Enquiry 14.5 requests confirmation that any Health and Safety file has been compiled and maintained in accordance with the CDM 2007 or the CDM 1994. This is because the Health and Safety file may have been compiled before the CDM 2007 came into force. If no new works have been carried out since 6 April 2007, then the Health and Safety file would not have been needed to have been updated under the CDM 2007. Any new works carried out on or after 6 April 2007 would require the Health and Safety file to be amended in compliance with the CDM 2007.

Enquiry 19

References to section 839 of the Income and Corporation Taxes Act 1988 have been amended to include reference to section 993 of the Income Tax Act 2007 (www.practicallaw.com/2-242-0970).

 

Changes made to CPSE.2 and GN/CPSE.2

Changes have been made to the following enquiries and their respective guidance notes:

Enquiry 9.1

An amendment has been made to Enquiry 9.1 of CPSE.2 to make reference to the Housing (Tenancy Deposit Schemes) Order 2007 (www.practicallaw.com/5-237-5952) (2007 Order).

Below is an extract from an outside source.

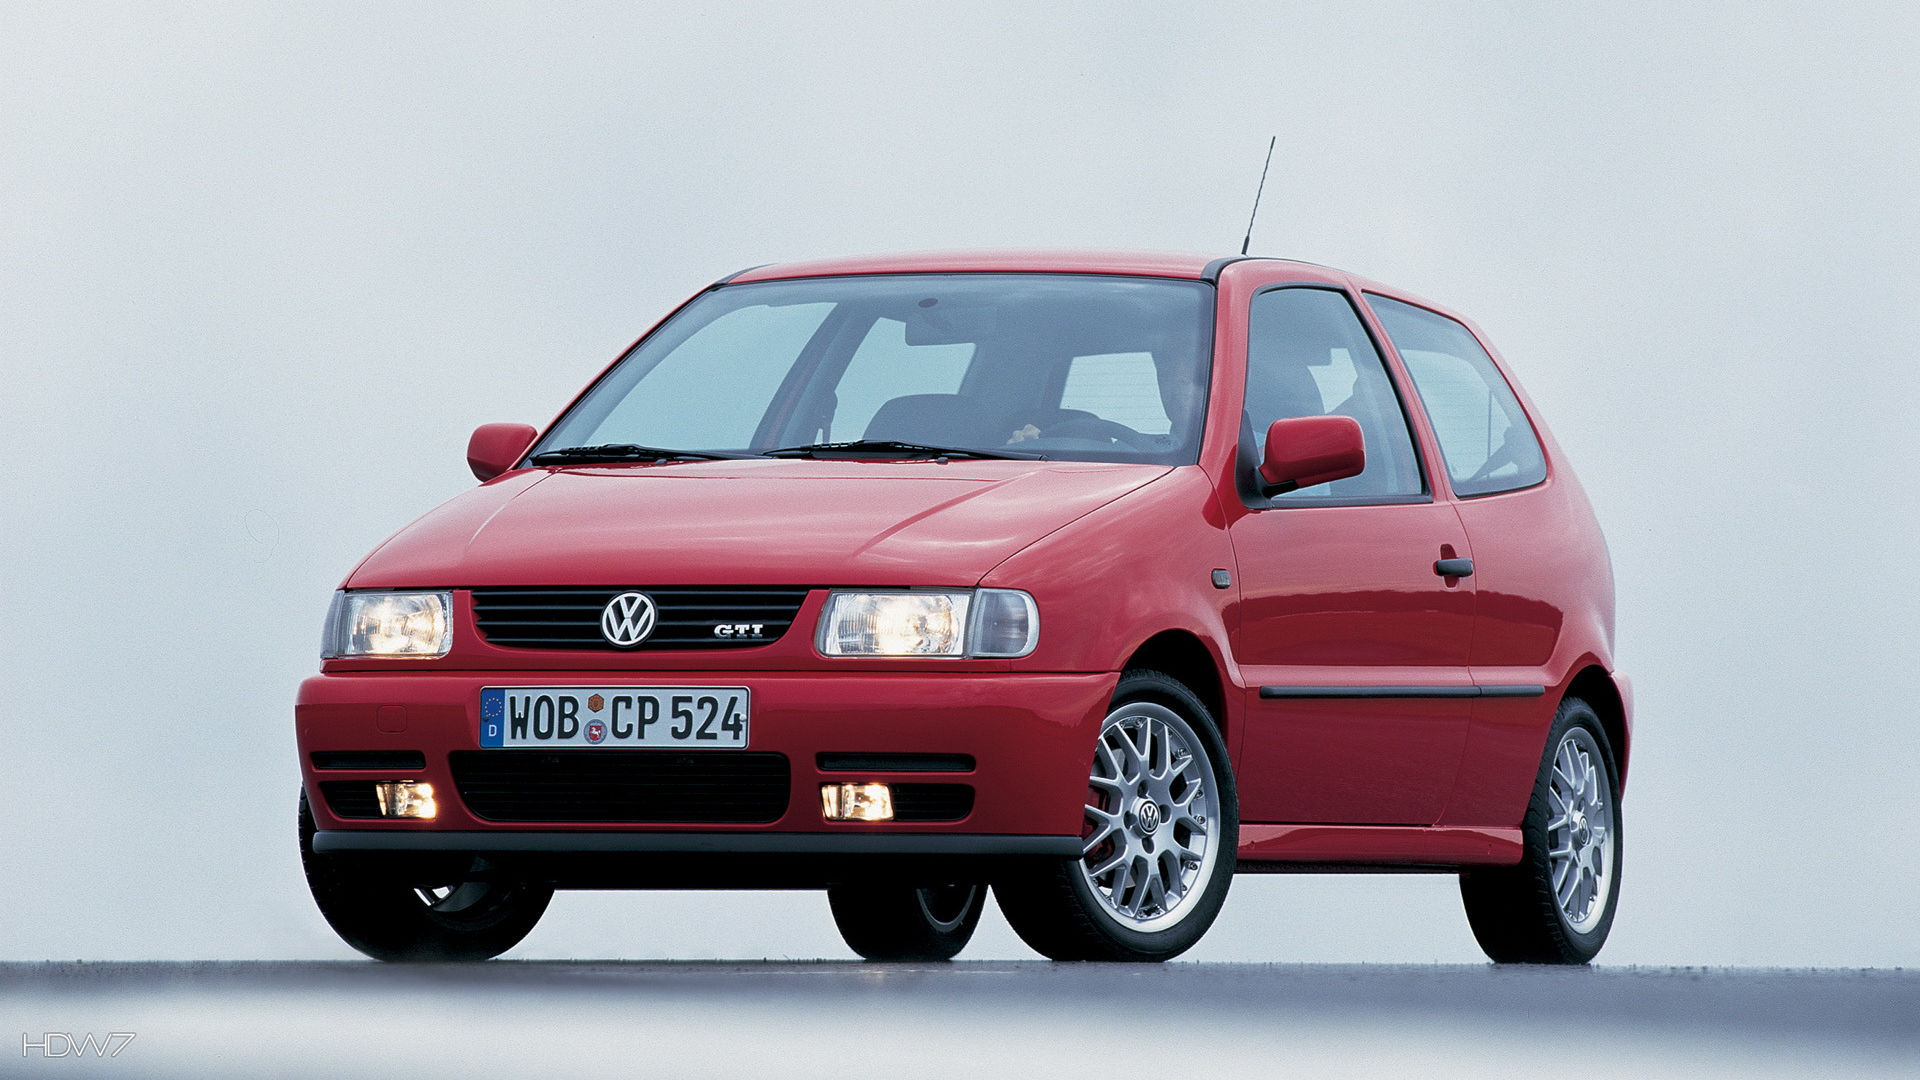 Volkswagen Polo Gti 1998 Car Hd Wallpaper - Volkswagen Polo 1998 Gti - HD Wallpaper

Enquiry 9.1 asks the Seller for details of any arrangement under which a sum is deposited by a Tenant as security for, or on account of, payment of rent or performance of any obligation. This would include details of Tenancy Deposit Schemes under the 2007 Order, but to draw the Seller's attention to the 2007 Order, the following additional words are added:

"(including, in the case of an assured shorthold tenancy, arrangements under the Housing (Tenancy Deposit Schemes) Order 2007)."

Tenancy Deposit Schemes were created under the Housing Act 2004 and are intended to prevent landlords failing to return tenant's deposits and also to ensure landlords are not left out of pocket when a tenancy expires and a tenant abandons the property. The 2007 Order provides for two different types of scheme: custodial and insurance. As from 6 April 2007, it is compulsory in relation to an assured shorthold tenancy, for a landlord to protect a tenant's deposit using one of the approved scheme administrators.

For more information, see Practice note, Tenancy Deposit Schemes (www.practicallaw.com/9-238-2955).

Enquiry 10.12

Enquiry 10.12 has been amended to include reference to regulation 4 of the Control of Asbestos Regulations 2006 (www.practicallaw.com/9-205-5251) (CAR 2006).

With effect from 13 November 2006, regulation 4 of the CAR 2006 replaced, word for word, regulation 4 of the Control of Asbestos at Work Regulations 2002 (www.practicallaw.com/5-106-5757) (CAWR 2002), which came into force on 21 May 2004 and created a significant duty to manage asbestos risk in "non-domestic premises".

Enquiry 10.12 refers to both the CAR 2006 and the CAWR 2002 because the Seller may have relevant information from before 13 November 2006, prepared in relation to the CAWR 2002.

For more information, see note, Enquiry 8.3.

GN/CPSE.2 has been amended to reflect this information.